**Try it:** Only the lines from the beginning of the material below through the line with "JAPAN - SPECTACULAR" should be retyped exactly, and pictures are to be skipped.

**Supplied data:**
※
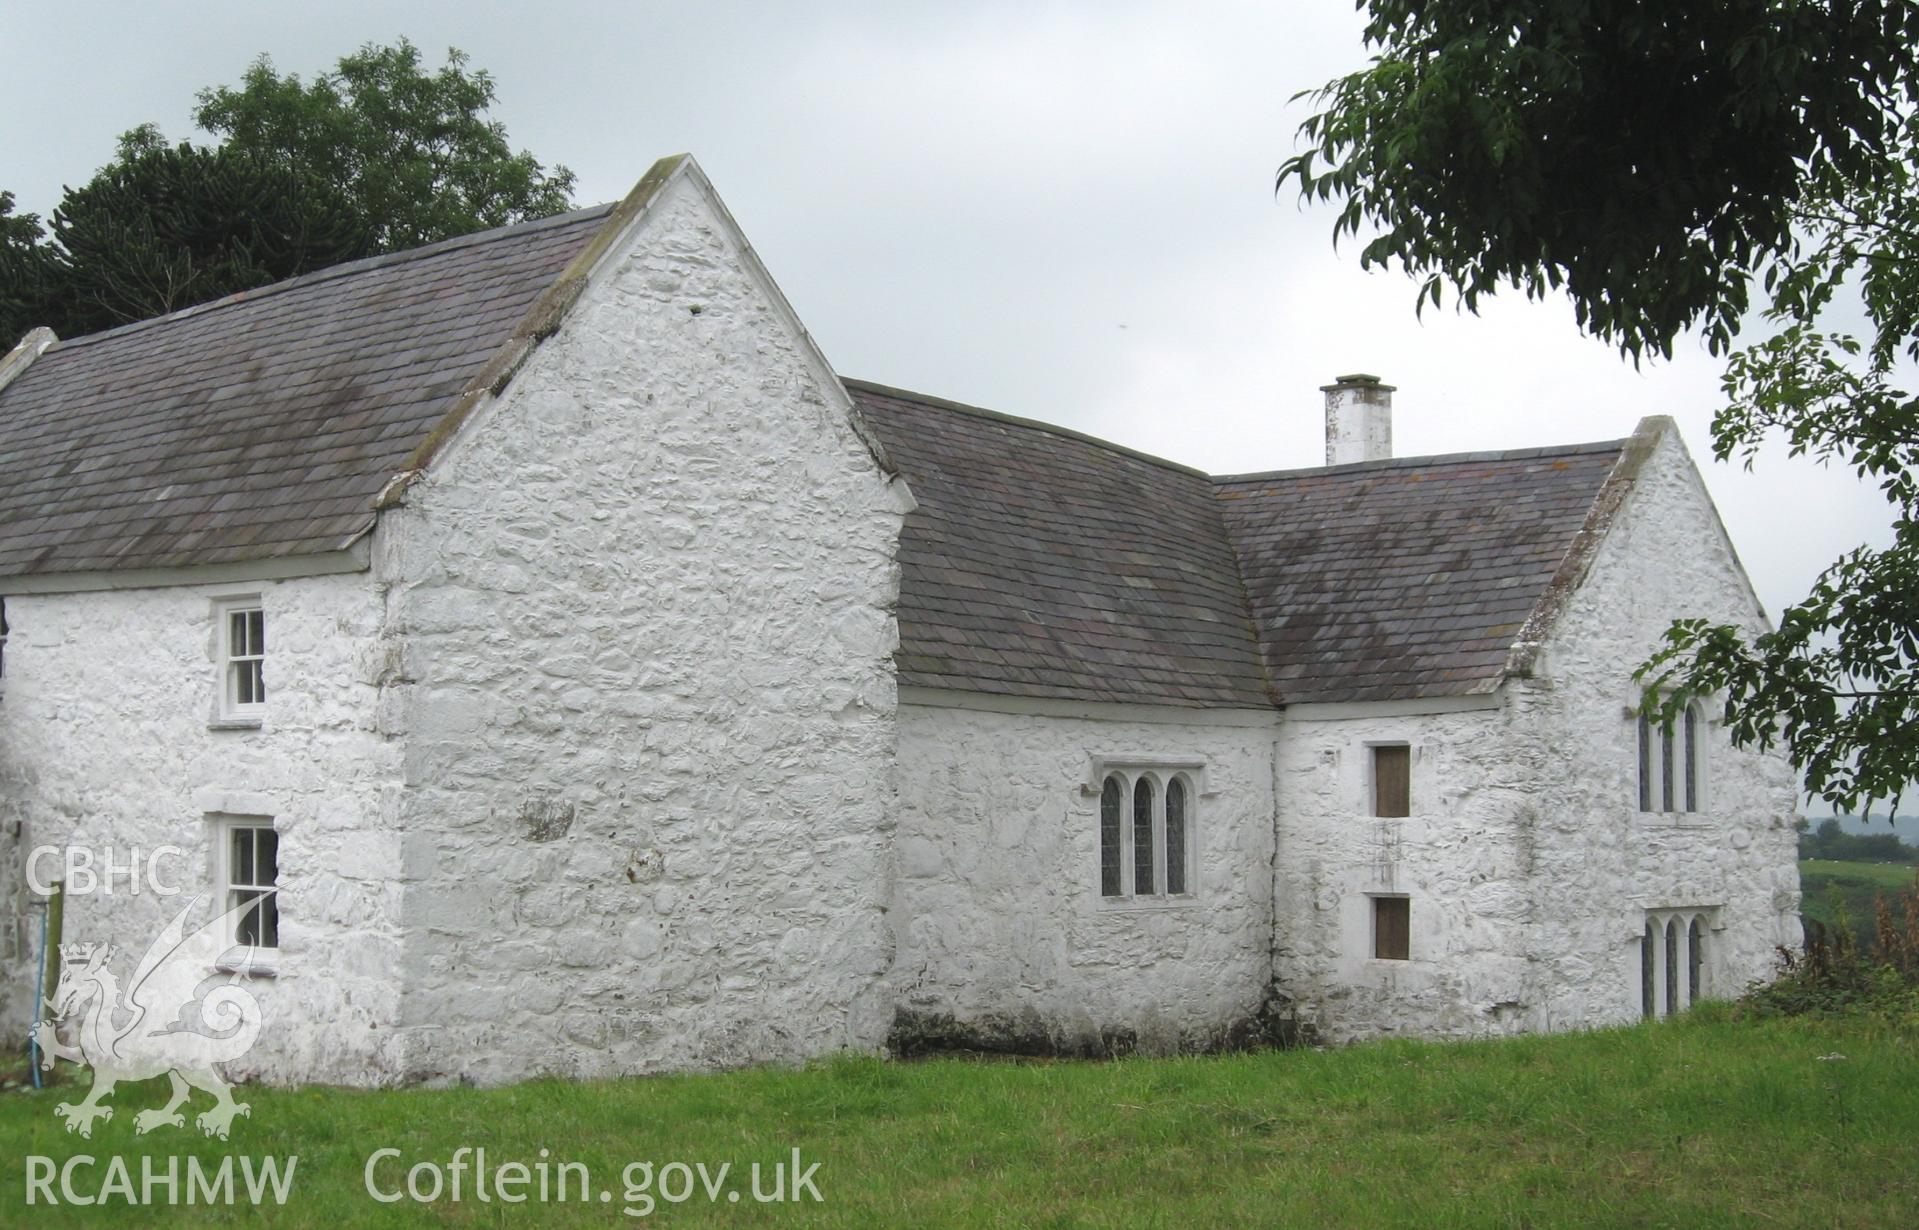 Colour photo showing Hafoty, Llansadwrn, taken by Paul R. Davis and dated 10th May 2006.
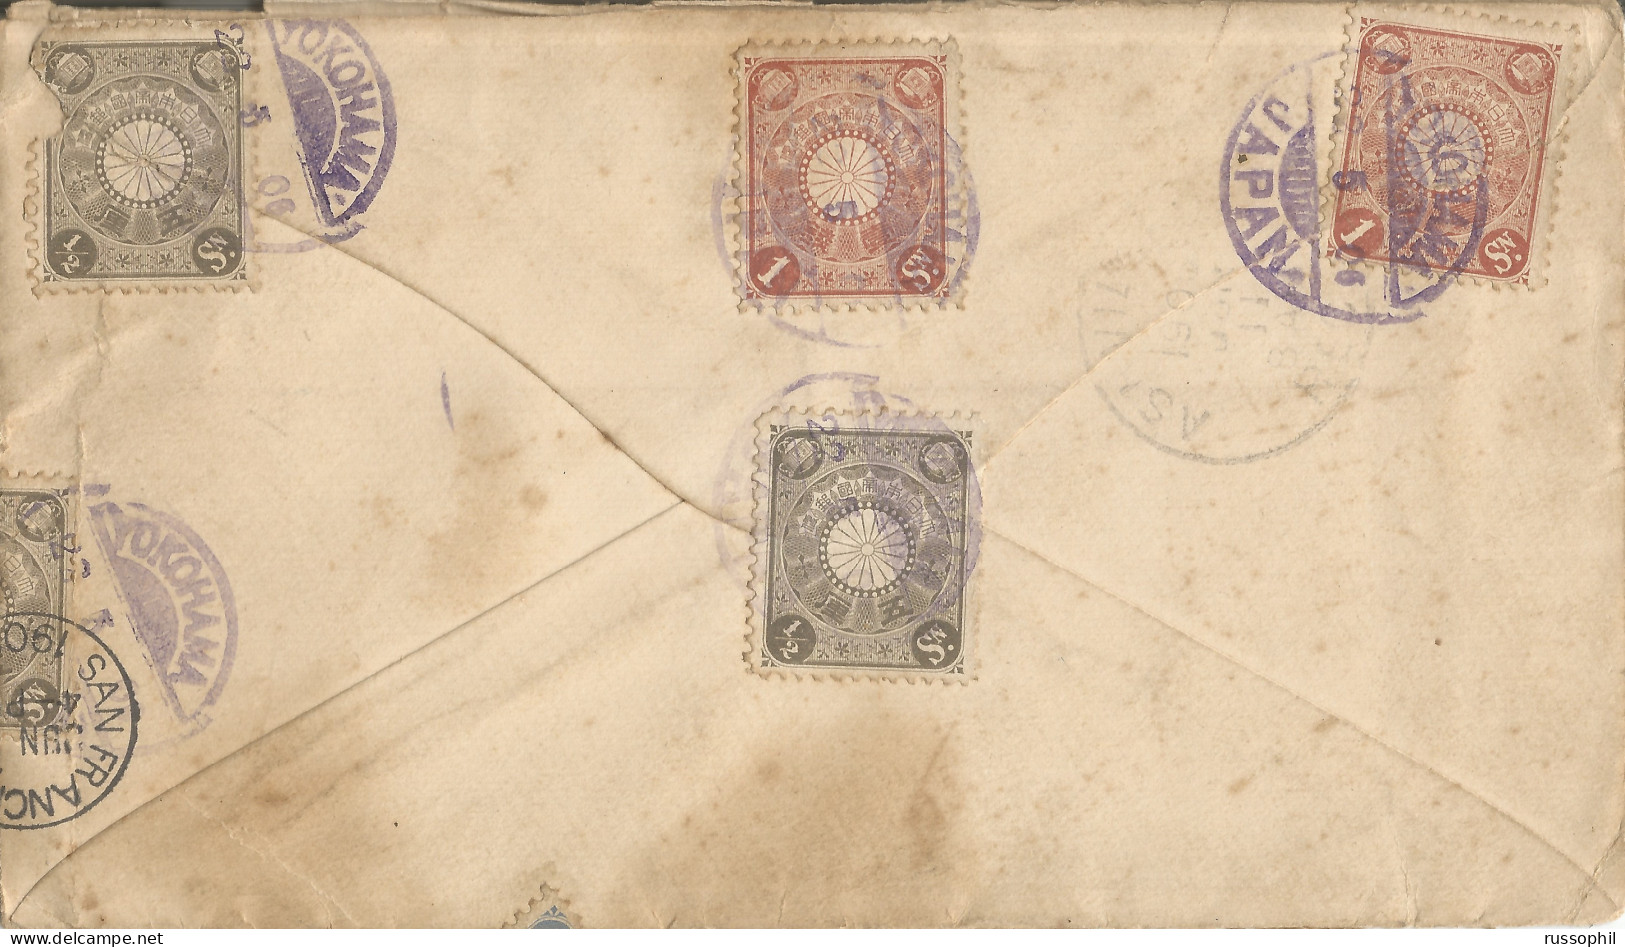 JAPAN - SPECTACULAR 20 SEN 21 STAMP FOUR COLOUR FRANKING ON COVER FROM YOKOHAMA TO THE US - 1906 - Covers & Documents
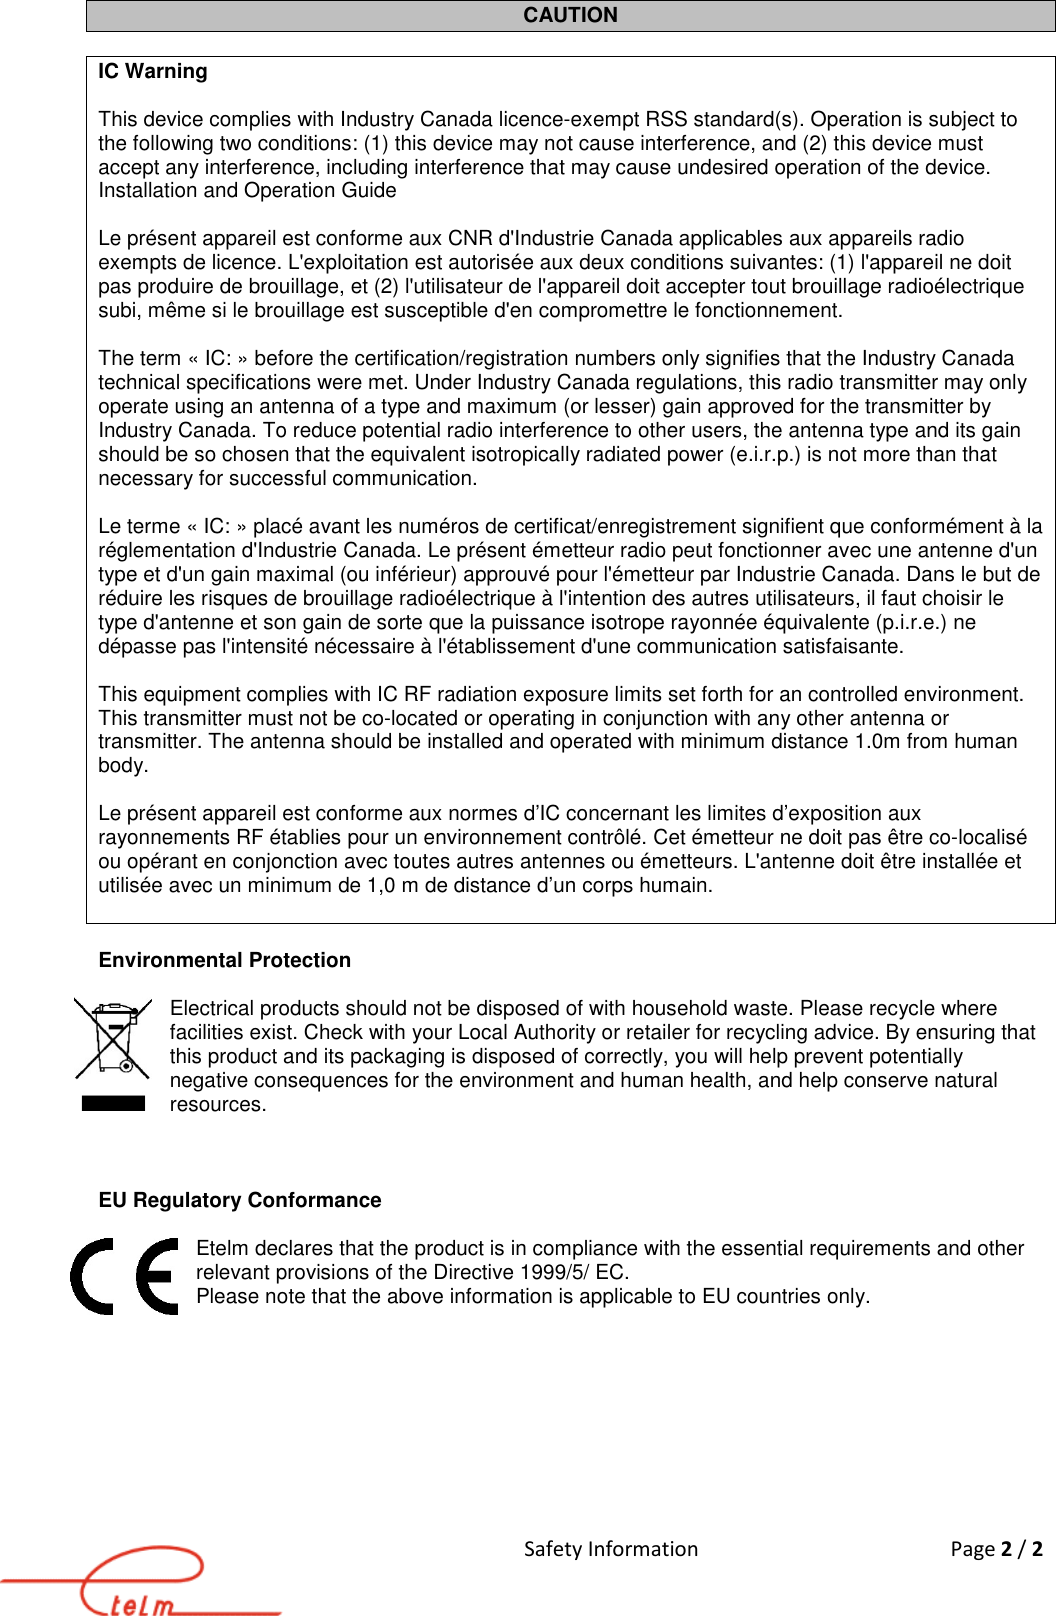 Safety Information  Page 2 / 2  CAUTION  IC Warning   This device complies with Industry Canada licence-exempt RSS standard(s). Operation is subject to the following two conditions: (1) this device may not cause interference, and (2) this device must accept any interference, including interference that may cause undesired operation of the device. Installation and Operation Guide  Le présent appareil est conforme aux CNR d&apos;Industrie Canada applicables aux appareils radio exempts de licence. L&apos;exploitation est autorisée aux deux conditions suivantes: (1) l&apos;appareil ne doit pas produire de brouillage, et (2) l&apos;utilisateur de l&apos;appareil doit accepter tout brouillage radioélectrique subi, même si le brouillage est susceptible d&apos;en compromettre le fonctionnement.  The term « IC: » before the certification/registration numbers only signifies that the Industry Canada technical specifications were met. Under Industry Canada regulations, this radio transmitter may only operate using an antenna of a type and maximum (or lesser) gain approved for the transmitter by Industry Canada. To reduce potential radio interference to other users, the antenna type and its gain should be so chosen that the equivalent isotropically radiated power (e.i.r.p.) is not more than that necessary for successful communication.  Le terme « IC: » placé avant les numéros de certificat/enregistrement signifient que conformément à la réglementation d&apos;Industrie Canada. Le présent émetteur radio peut fonctionner avec une antenne d&apos;un type et d&apos;un gain maximal (ou inférieur) approuvé pour l&apos;émetteur par Industrie Canada. Dans le but de réduire les risques de brouillage radioélectrique à l&apos;intention des autres utilisateurs, il faut choisir le type d&apos;antenne et son gain de sorte que la puissance isotrope rayonnée équivalente (p.i.r.e.) ne dépasse pas l&apos;intensité nécessaire à l&apos;établissement d&apos;une communication satisfaisante.  This equipment complies with IC RF radiation exposure limits set forth for an controlled environment. This transmitter must not be co-located or operating in conjunction with any other antenna or transmitter. The antenna should be installed and operated with minimum distance 1.0m from human body.  Le présent appareil est conforme aux normes d’IC concernant les limites d’exposition aux rayonnements RF établies pour un environnement contrôlé. Cet émetteur ne doit pas être co-localisé ou opérant en conjonction avec toutes autres antennes ou émetteurs. L&apos;antenne doit être installée et utilisée avec un minimum de 1,0 m de distance d’un corps humain.   Environmental Protection  Electrical products should not be disposed of with household waste. Please recycle where facilities exist. Check with your Local Authority or retailer for recycling advice. By ensuring that this product and its packaging is disposed of correctly, you will help prevent potentially negative consequences for the environment and human health, and help conserve natural resources.    EU Regulatory Conformance  Etelm declares that the product is in compliance with the essential requirements and other relevant provisions of the Directive 1999/5/ EC.  Please note that the above information is applicable to EU countries only.
※
**Task solution:**
 Colour photo showing Hafoty, Llansadwrn, taken by Paul R. Davis and dated 10th May 2006.
 JAPAN - SPECTACULAR 20 SEN 21 STAMP FOUR COLOUR FRANKING ON COVER FROM YOKOHAMA TO THE US - 1906 - Covers & Documents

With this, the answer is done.